1. Use of [**] Cells. Service Provider agrees that:
1.1 it shall only use [**] Cells in the course of performing its obligations under this Agreement;
1.2 it shall not transfer [**] Cells to, or use [**] Cells on behalf of, any Third Parties other than Permitted Subcontractors; and
1.3 it shall not use [**] Cells for its own benefit other than in the course of performing its obligations under this Agreement.
2. Termination of Service Provider’s Rights to Use [**] Cells.
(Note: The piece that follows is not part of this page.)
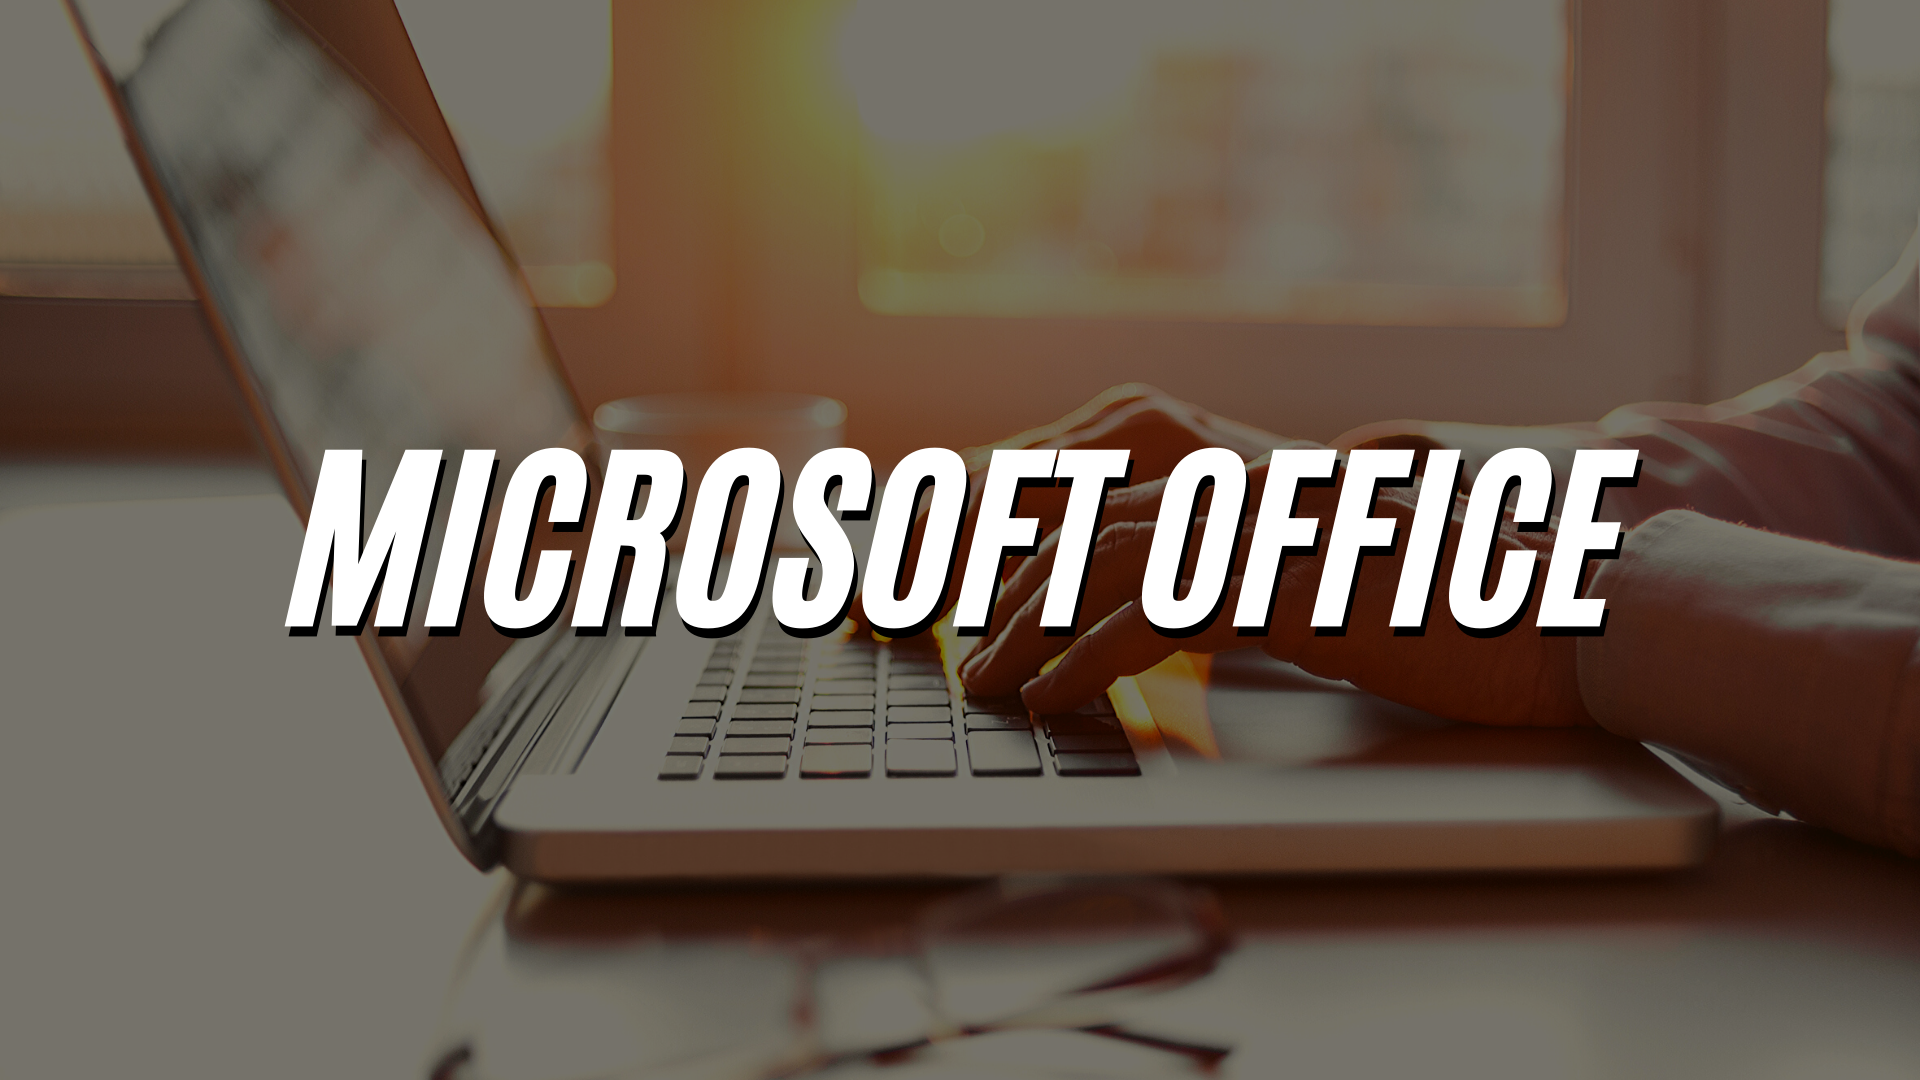 Microsoft Office WebSite Header Image

If Service Provider uses [**] Cells other than as permitted under this Part E, AstraZeneca may terminate Service Provider’s right to use [**] Cells upon [**] written notice, unless Service Provider cures the non-compliant activities and provides clear written evidence of such cure to AstraZeneca.
3. Consequences of Termination. Following any termination of Service Provider’s rights to use [**] Cells pursuant to paragraph 2, or following expiry or termination of this Agreement, Service Provider will return to AstraZeneca or destroy all [**] Cells in its possession within [**] of and will certify such return or destruction in writing to AstraZeneca.
4. Compliance with Laws. Service Provider shall comply with all Applicable Laws and Regulations and cGMP in connection with its performance of Services involving the use of [**] Cells.